It has the extract block, which I feel the SoHo article should have too. I've had a look at the source text behind each page and cannot see any discernable difference in the structure that would cause the extract to be ommitted from the former.

What happens?:

No extract text returned for SoHo (or TriBeCa and many other in the Manhattan area)

What should have happened instead?:

Extract info should be returned

Event Timeline

A_smart_kitten subscribed.

As far as I can see, it looks like your first-linked API request includes extracts for the first 20 results. The second-linked API request has less than 20 results in total, and includes an extract for all of them.

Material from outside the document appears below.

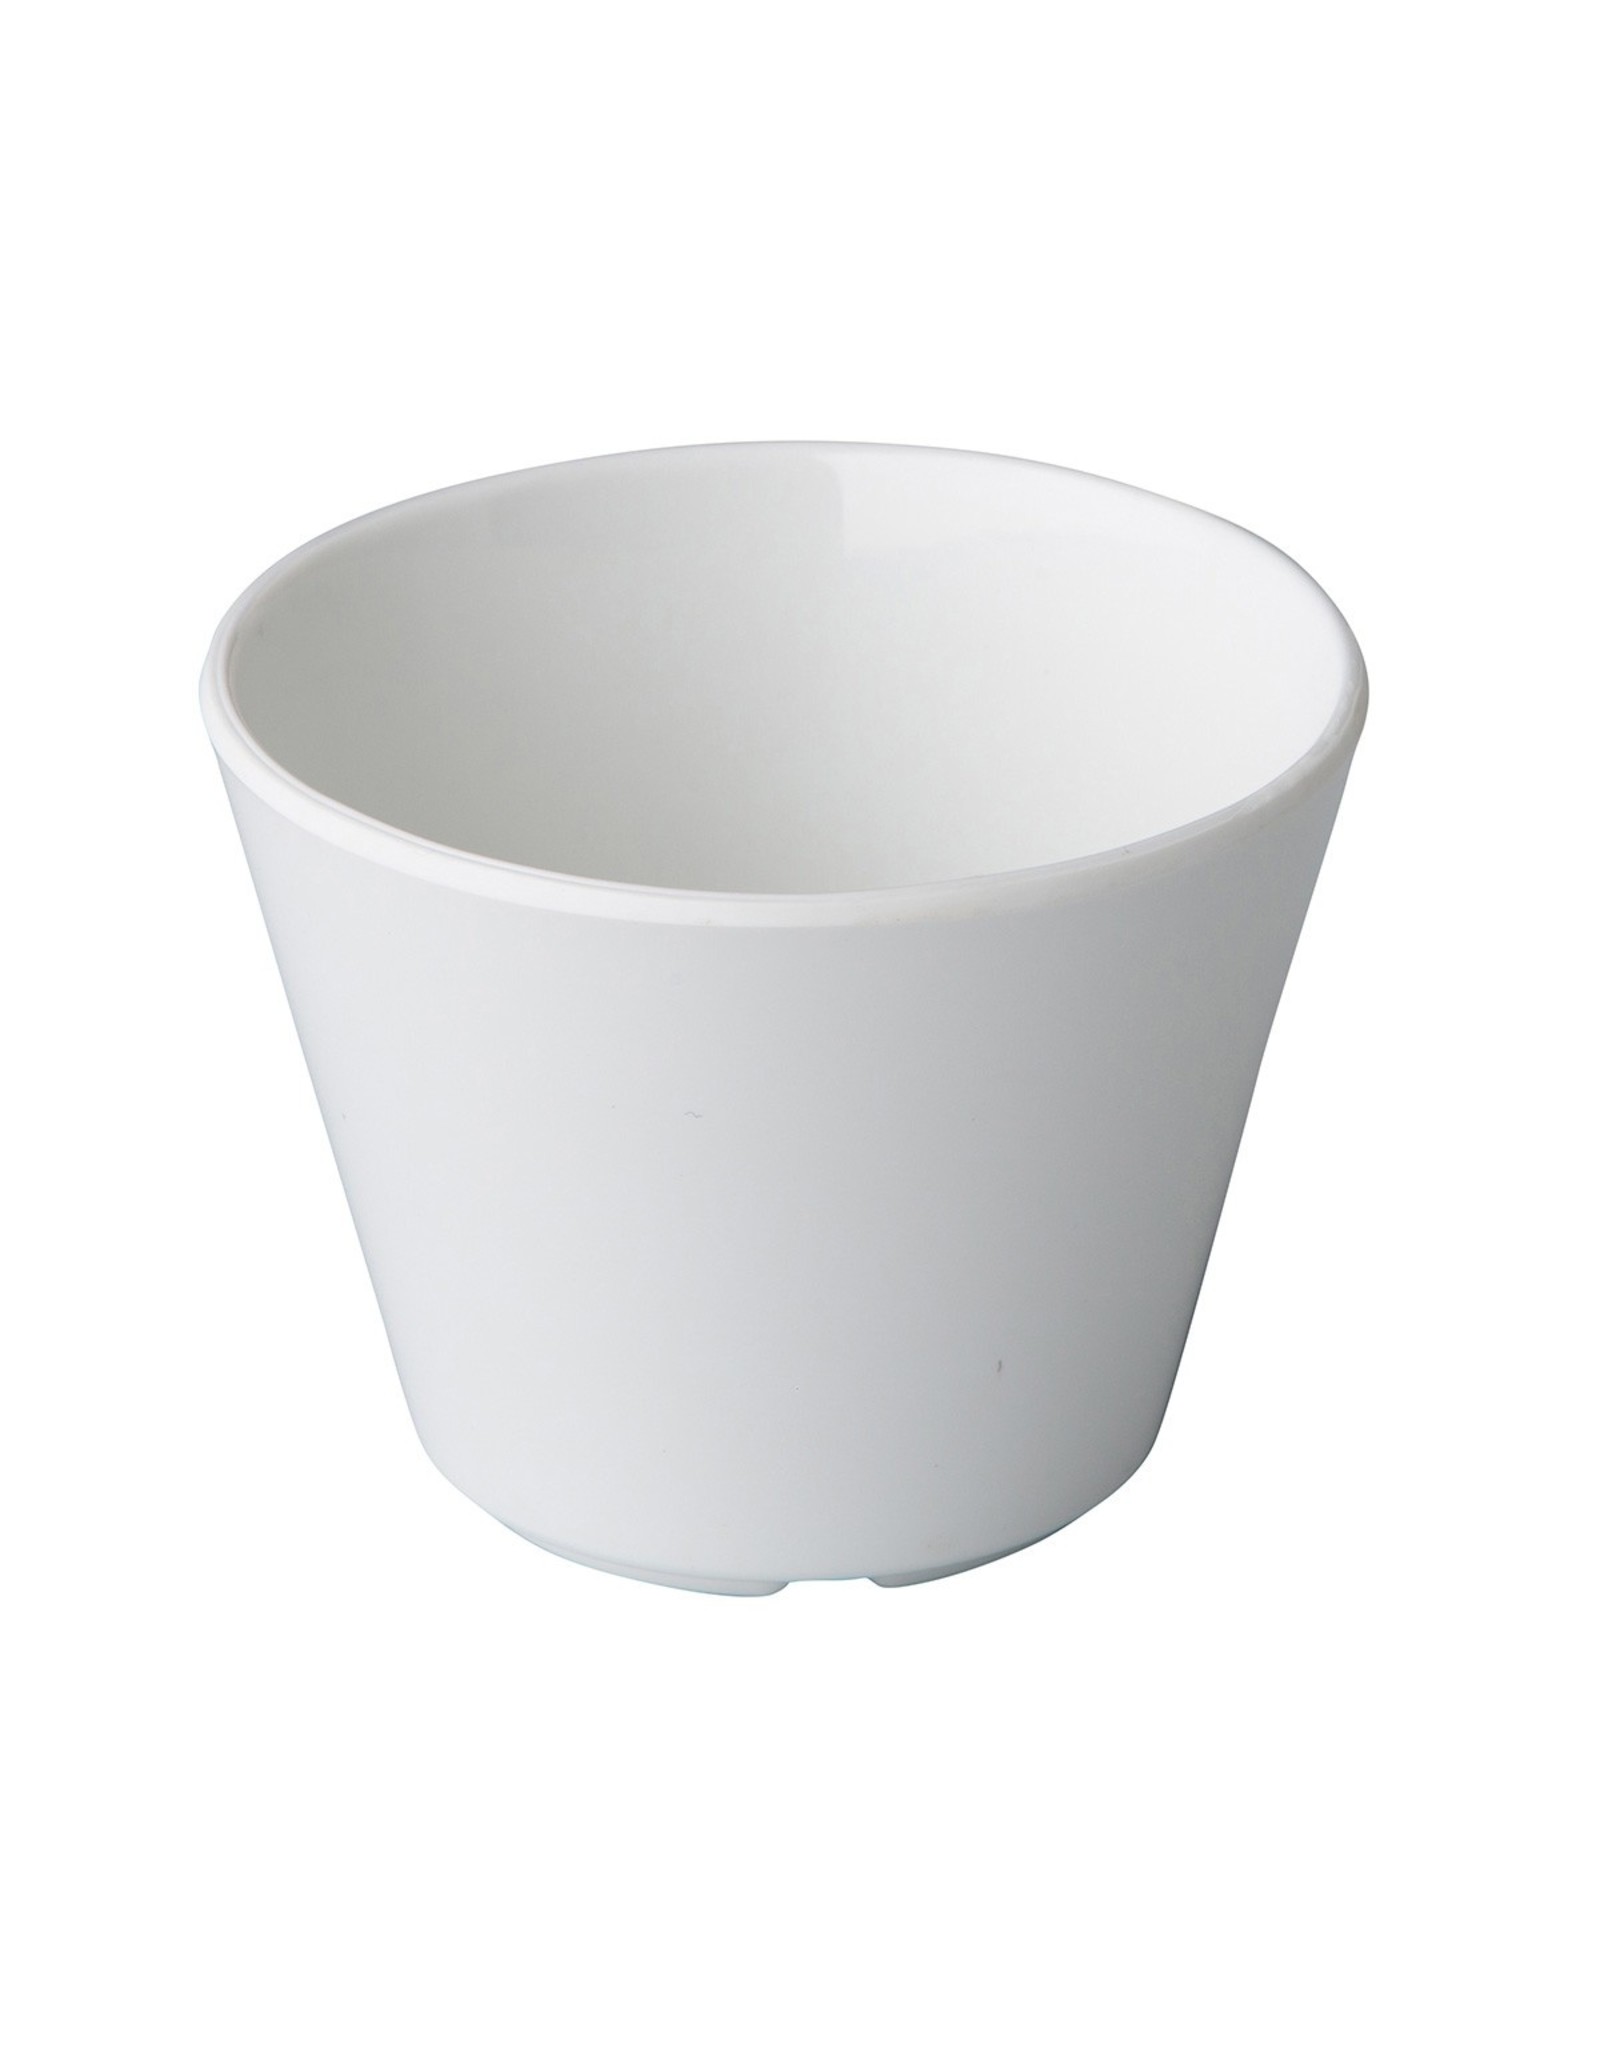 Stylepoint Conic sauce bowl 8 x 6 cm

Looking at the TextExtracts code, it appears that it will only include extracts for a maximum of 20 pages in one API request. This feels like a similar case to T410886#11412565; except, in this instance, at first glance, I don't think there's a way to get a text extract for more than 20 pages in the same API request. Hopefully the docs at https://www.mediawiki.org/wiki/API:Continue might be helpful for you in this case :-)

Thanks for the reply. It does seem consistent, and I noticed that for London too (another big city with 33 articles) there were a few missing too. It's a little unfortunate that it doesn't continue to load the extract for the rest of them, as it is already loading plenty of other useful data for me. But I can only assume that there must be a good reason to stop at 20.

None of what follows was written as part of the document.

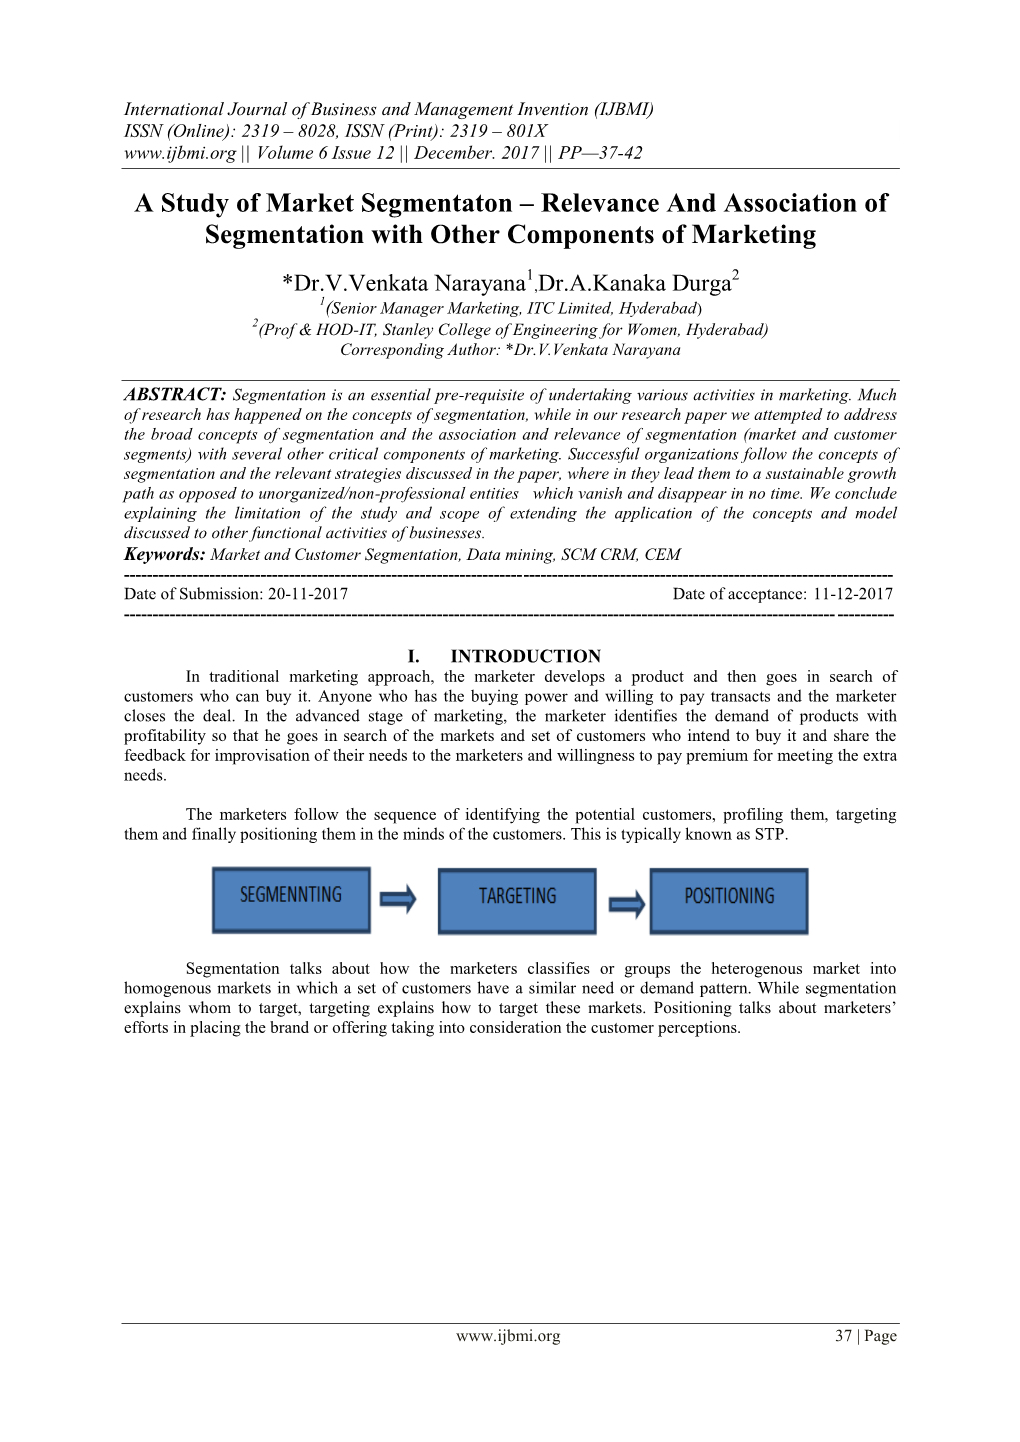 A Study of Market Segmentaton – Relevance and Association of Segmentation with Other Components of Marketing

I'll take a look at the continue option, but I'll give it a couple of days in the hope that someone else can jump in a maybe provide a solution. My other option is in my code to just load the missing extract data as a when someone actually needs it.

Thanks for your reply.

But I can only assume that there must be a good reason to stop at 20.

(For what it's worth, the limit of 20 appears to have originally been set in https://gerrit.wikimedia.org/r/plugins/gitiles/mediawiki/extensions/MobileFrontend/+/7f0702873ee6cc1a14489a65fe02975c14d69d08%5E%21/ / https://static-codereview.wikimedia.org/MediaWiki/113904.html in 2012, with reference to performance concerns)

Thanks for finding the source of that. Probably a reasonable concern back in 2012 - maybe less so now. Maybe someone will see this and think it could be updated (or reverted! ;) ). As I said earlier, I'll give it a couple of days, then implement some logic using continue if it looks like it will stay as is.